# Show leads



## ChowChowmum (Apr 11, 2010)

Hi,

I attended my first ring craft class last night and was advised that I need to buy a new lead for my puppy. She is currently wearing a standard adjustable lead and collar.

Can anyone recommend what type of lead I would need for the Show Ring (for a Chow Chow!) and also recommend anywhere to buy them from online? 

Thank you.x :thumbup:


----------



## Tanya1989 (Dec 4, 2009)

Probably a half check leather rolled show set. Not sure on the neck size, so you will have to measure. Measure from the ociput under the throat and back to the ociput again as this is the widest point for the collar to slip over as they don't undo. Hessonite show sets for show dogs


----------



## Kinjilabs (Apr 15, 2009)

Friend of mine who has Chows showed hers on a thin leather collar, tends to dissapear in the coat


----------



## kaisa624 (Mar 5, 2010)

We have a thin blue nylon check show lead. However we are in the process of finding a reasonably priced rolled leather check lead. We found one for £25, not sure if that's a good price? Is for a 12" leather collar bit - was at the Natural Instinct's warehouse, in Camberley.


----------



## ChowChowmum (Apr 11, 2010)

Hi,

Thanls for your replies.

Kaisa624- I have been looking around and have just ordered a show set with a half check chain and it was £26.50 including p & p.


----------



## ChowChowmum (Apr 11, 2010)

Hi,

I ordered the lead from essenjayleathersupplies.co.uk Tel: 01736 740094. I just called thm up and gave her the measurements and colour that I wanted and she said that she would post it to me early next week.


----------



## Tanya1989 (Dec 4, 2009)

Essenjay are brilliant, you won't be disappointed!


----------



## ChowChowmum (Apr 11, 2010)

Thats good to hear!

I cant wait for it to arrive to start practicing with it.


----------



## Spellweaver (Jul 17, 2009)

ChowChowmum said:


> Hi,
> 
> I ordered the lead from essenjayleathersupplies.co.uk Tel: 01736 740094. I just called thm up and gave her the measurements and colour that I wanted and she said that she would post it to me early next week.


You made a good choice!

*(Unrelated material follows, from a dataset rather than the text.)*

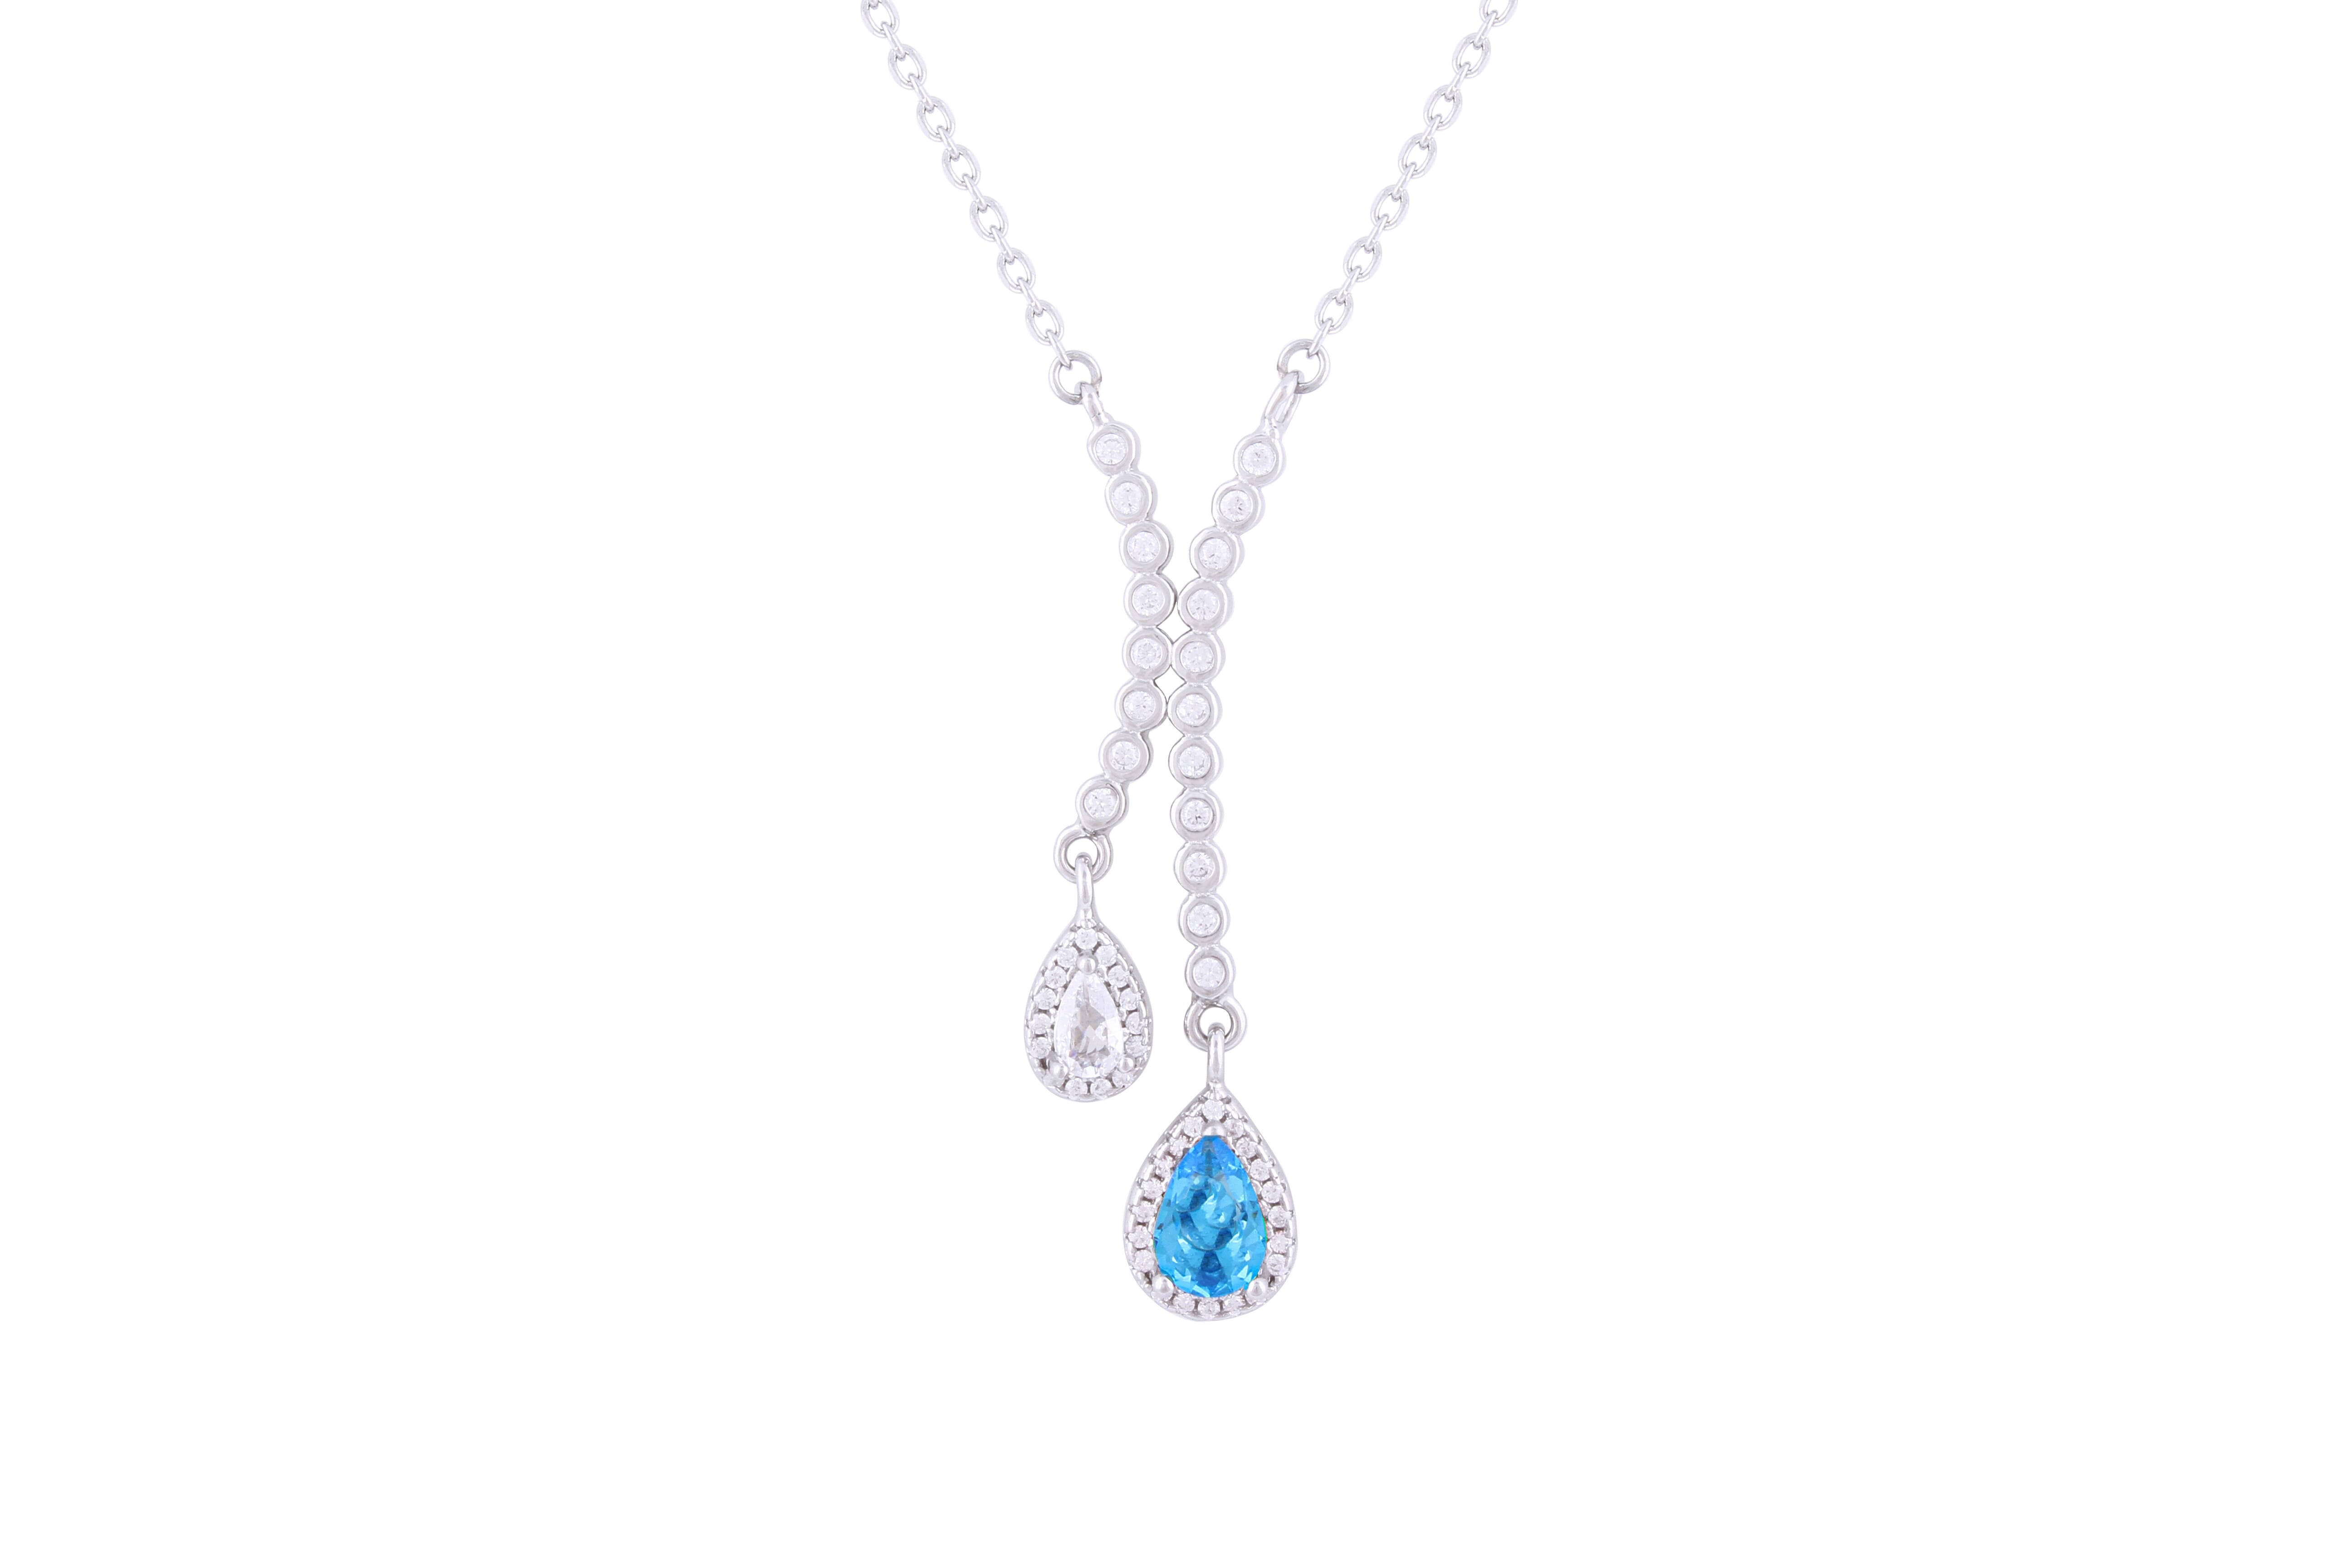 Asfour 925 Sterling Silver Necklace Inlaid With Aquamarine Pear Stone NR0497-WM

Ours all have essenjays half-check rolled leather collars and leads - 10 years on and they're still going strong. Lovely people too - they have a stall at most shows so you'll be able to meet them in person.


----------



## ChowChowmum (Apr 11, 2010)

Yes I called yesterday and they were at Birmingham Show. She really seemed to know her stuff, which is more than I do, there is so much to showing dogs and I am just starting!


----------



## kaisa624 (Mar 5, 2010)

Did you go to that class in Longridge?

We're taking Holly to Rushmoor RCC, when she's next down south, as my OH can't drive, so wouldn't be able to get to Longridge unless I'm up there.

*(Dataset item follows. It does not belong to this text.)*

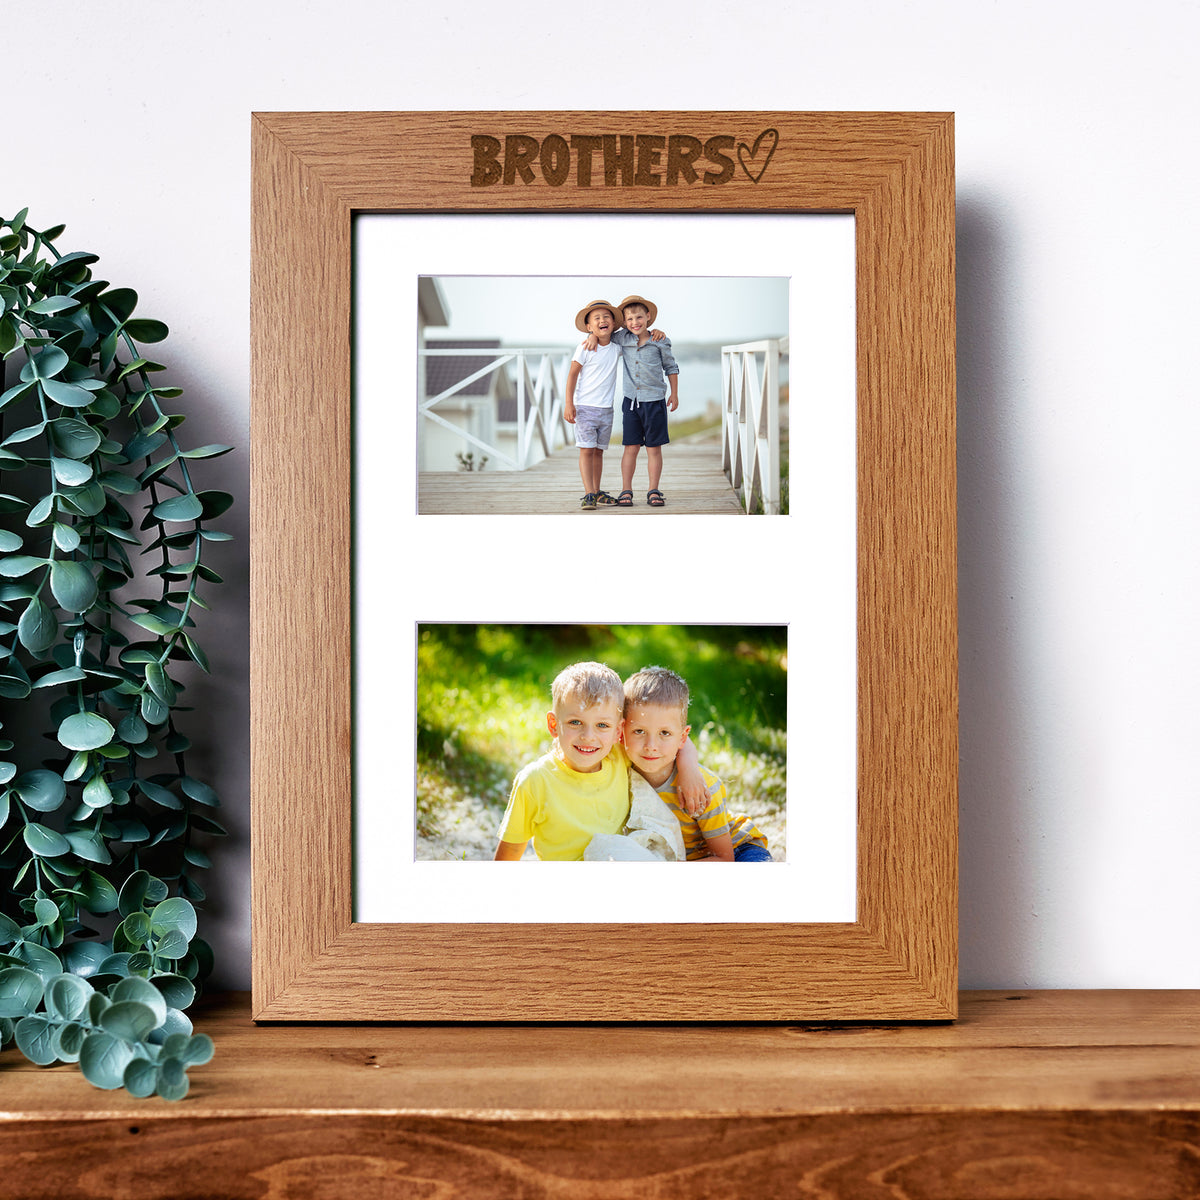 Brothers Photo Picture Frame Double 6x4 Inch Landscape

Those collars are the ones that Natural Instinct order in. I asked them what make it was, and it was that. Once I'm paid, in 2 weeks, I will go along and buy one


----------



## ChowChowmum (Apr 11, 2010)

Hi,

Yes we did go over to Longridge, I really enjoyed it and i think Cleo did aswell.

I have found another class in Oswaldtwistle which meets every fortnight on a Tuesday and I am hoping to go along to that. I have the street name but dont know the number so am going to have a drive over tomorrow night and hopefully be able to follow some dogs in!

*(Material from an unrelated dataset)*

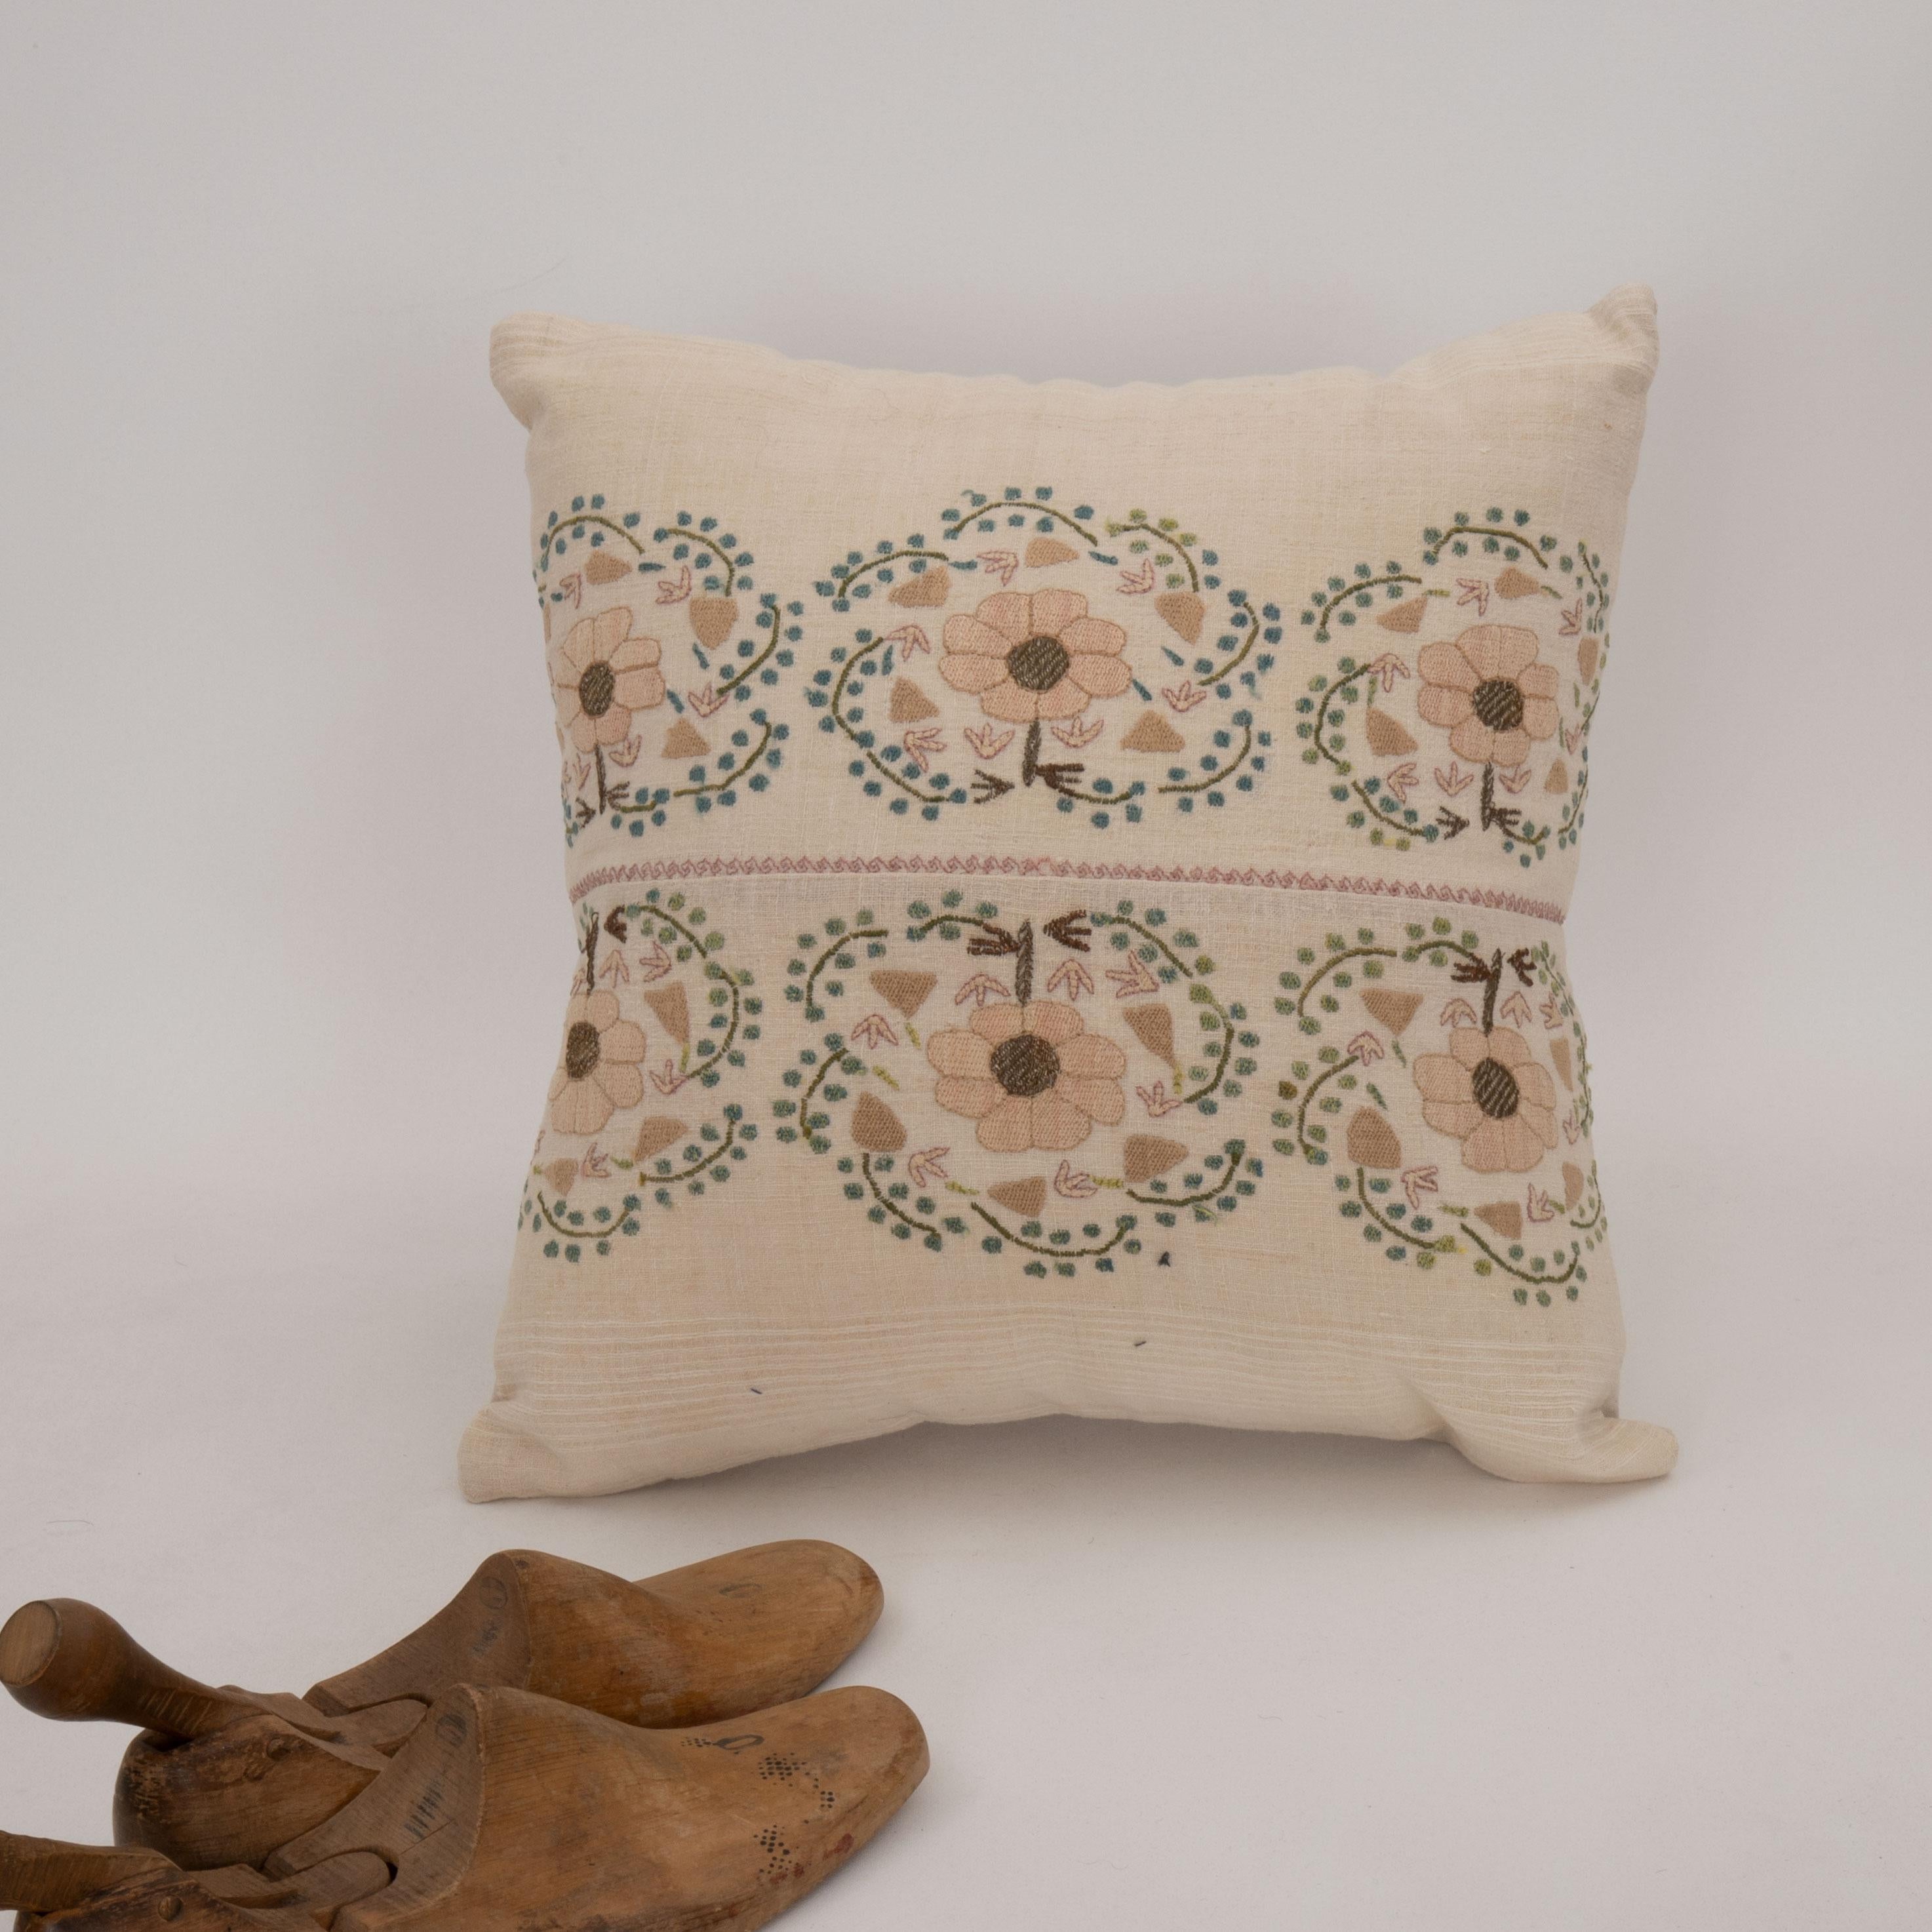 Turkish Pillow Case Made from an Antique Ottoman Embroidery For Sale

If anyone knows where the ringcraft class in Oswaldtwistle, Lancs is tomorrow night, please let me know.

Katie.x


----------



## kaisa624 (Mar 5, 2010)

Ooh. Is that closer than Longridge? Sounds good


----------



## ChowChowmum (Apr 11, 2010)

It is closer plus it is easier to get to Oswaldtwistle as it has a better bus route than Longridge.

I think they have a match meet on tomorrow but they have a puppy walk on at half time. 

Are you going to Leeds Show in July Kaisa624? I think we are going to enter Cleo.


----------